The Great Evangelical Disaster
In 1984, Francis Schaeffer wrote a book titled The Great Evangelical Disaster. As someone who appreciated Schaeffer’s earlier work, particularly his seminal Escape from Reason, it was a jolting shift from cultural critique to cultural confrontation with clear political overtones.
How ironic that now, nearly four decades later, it is precisely the embrace of a political engagement with culture that has cost evangelicals their standing in public opinion. The only group in America that loves evangelicals are, well, evangelicals.
In a recently released Pew Research Center report, almost one third of all Americans expressed an unfavorable view of evangelicals – specifically Pentecostals and Southern Baptists – far exceeding negative views toward mainline Protestants or Catholics. The only groups that fared worse were Jehovah’s Witnesses, Scientologists and Satanists.
And the reason why?
To quote Christianity Today, “Evangelical identity in the United States became associated with... political baggage in recent years.” Or as president of the National Association of Evangelicals Walter Kim, raising concerns about politicized perceptions of the faith, stated, “We are in a season in which the evangelical faith is being narrowly defined and misunderstood by many, with long-term ramifications for our gospel witness.” Too many young people and people of color, he added, “have been alienated by the evangelical Christianity they have seen presented in public in recent years.”
Of course, it isn’t just politics.
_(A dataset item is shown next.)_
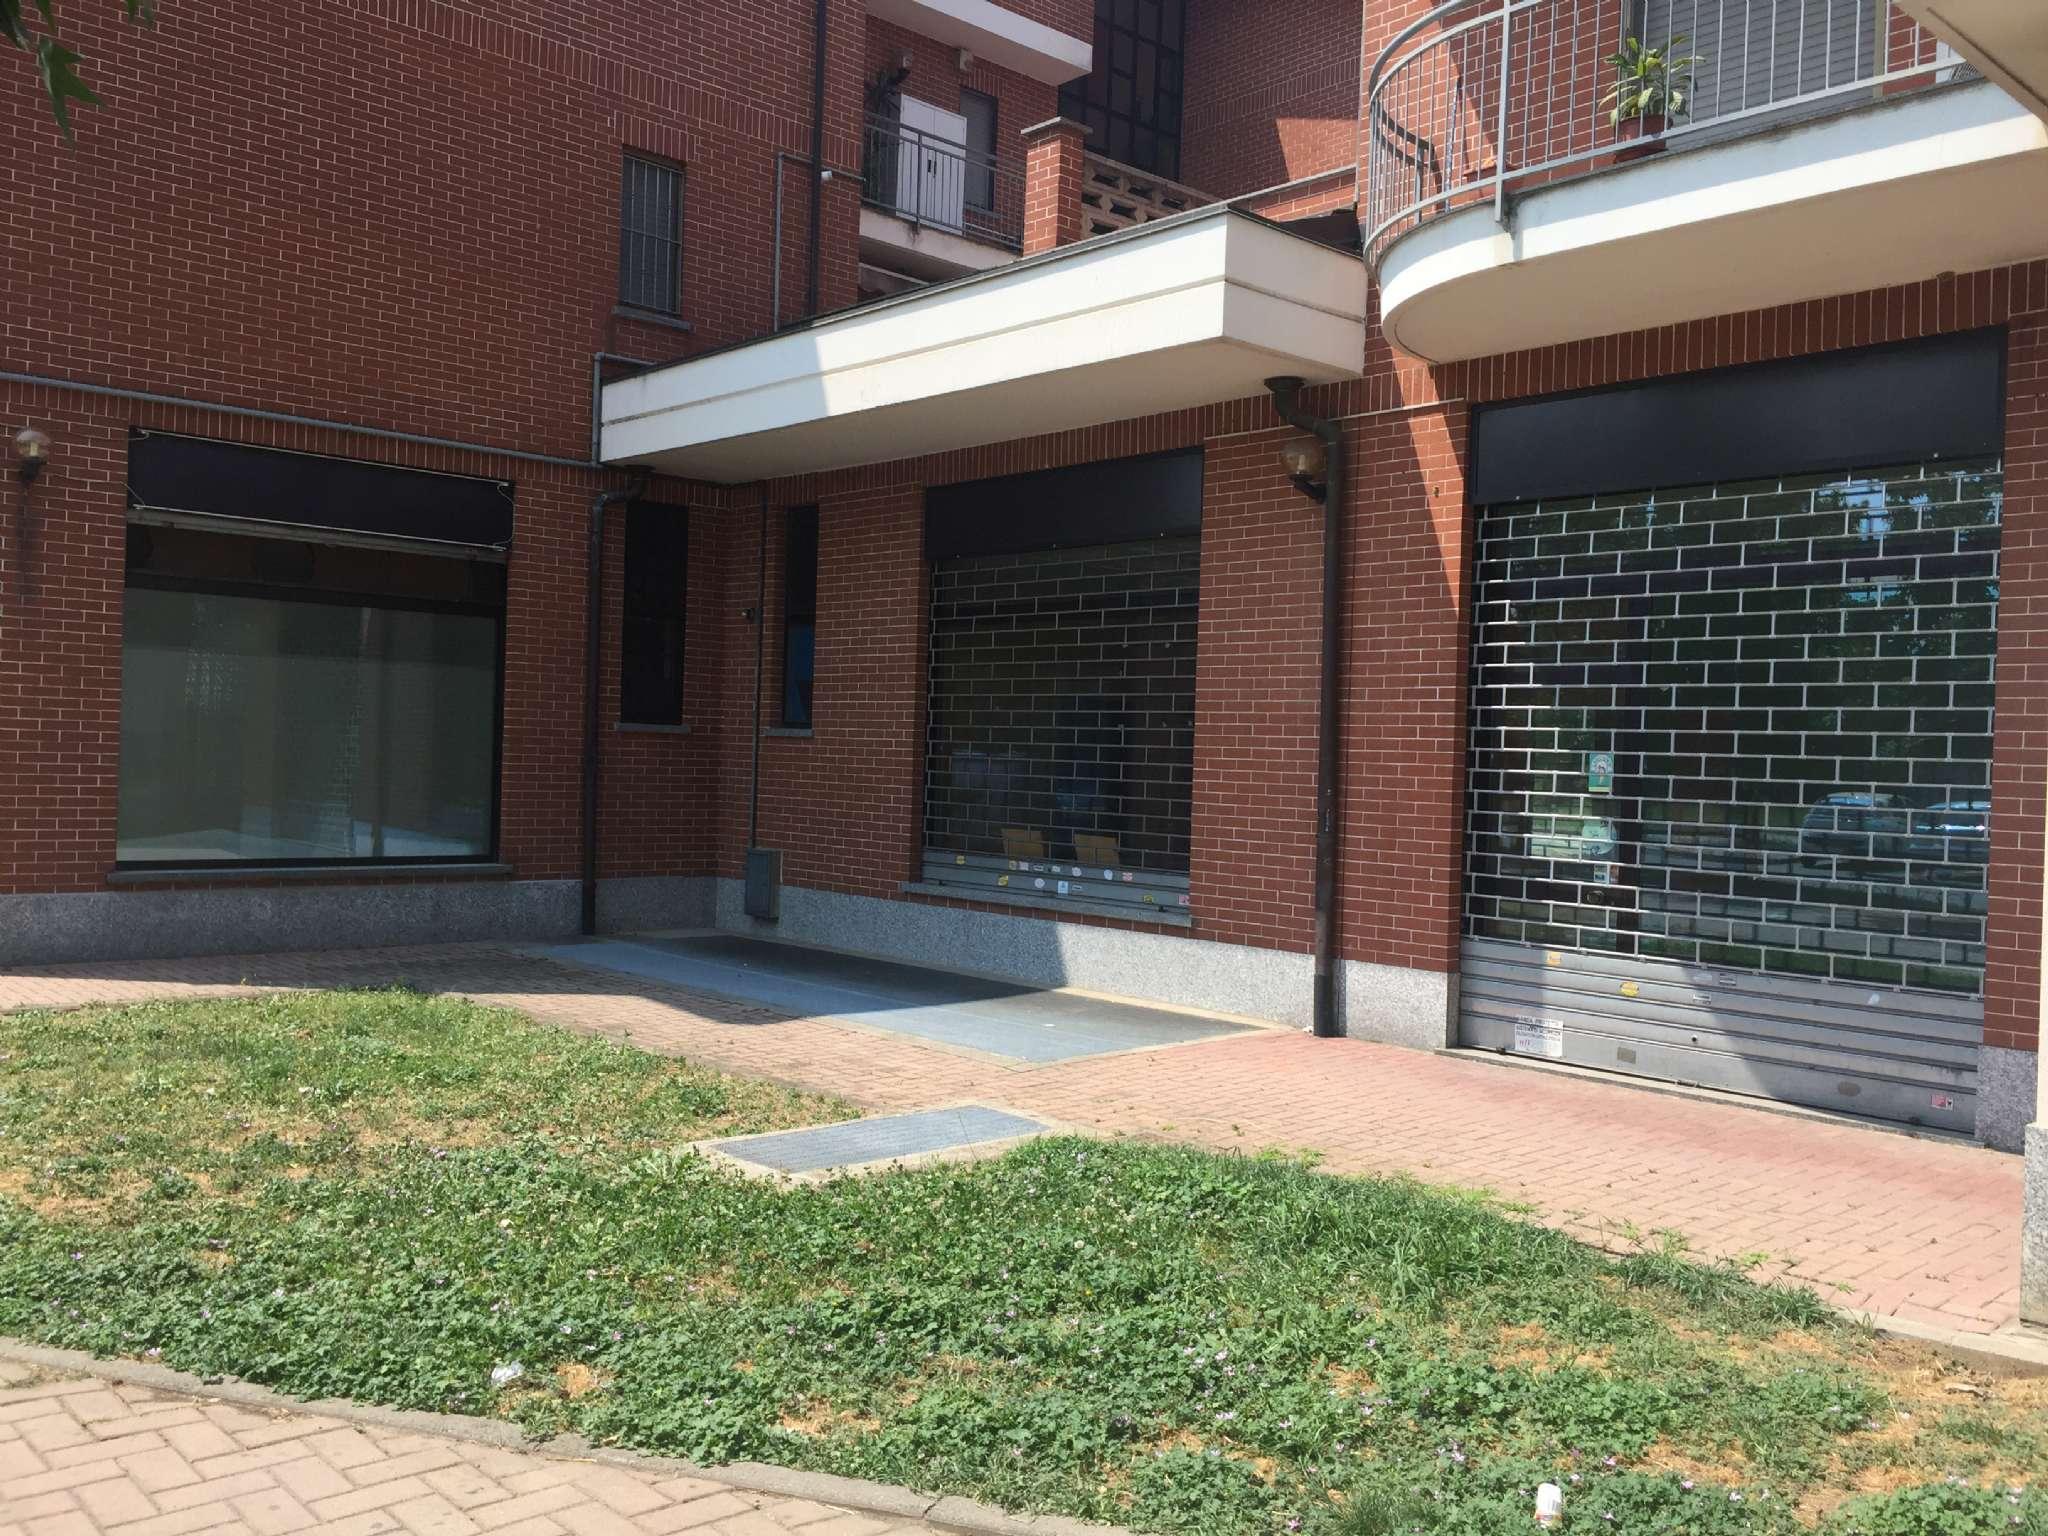 Immobili commerciali in affitto a nichelino for Immobili commerciali in affitto a roma

As Christianity Today also noted, “Evangelical institutions have continued to reckon with racism, sexism, and abuse, past and present.” Their reporting included an incisive comment from Christian apologist Dan DeWitt, the executive director of the Center for Worldview Analysis and Cultural Engagement at Southwest Baptist University:
As someone who cares a lot about apologetics, it can be easy to shrug this off as merely the price of doing evangelism in a secularizing context. But if we take Paul’s words seriously, we should care about our reputation with those outside the church. These statistics should grieve us. While we cannot water down our beliefs to make people like us, we need to listen to how the world perceives us.
Yes, we do.
And particularly when many of our “beliefs” are not aspects of Christian doctrine at all, but rather ideologies we have made into theologies.
Schaeffer was right when he wrote about the “great evangelical disaster” being rooted in compromise over biblical truth. What he failed to see was how a future disaster would entail confusing allegiance to biblical truth with nothing more than political ideologies.
And nobody likes that.
Or more to the point, no one is won to Christ through that.
James Emery White
Sources
Patricia Tevington, “Americans Feel More Positive Than Negative About Jews, Mainline Protestants, Catholics,” Pew Research Center, March 15, 2023, read online.
Kate Shellnutt, “Evangelicals Are the Most Beloved US Faith Group Among Evangelicals,” Christianity Today, March 15, 2023, read online.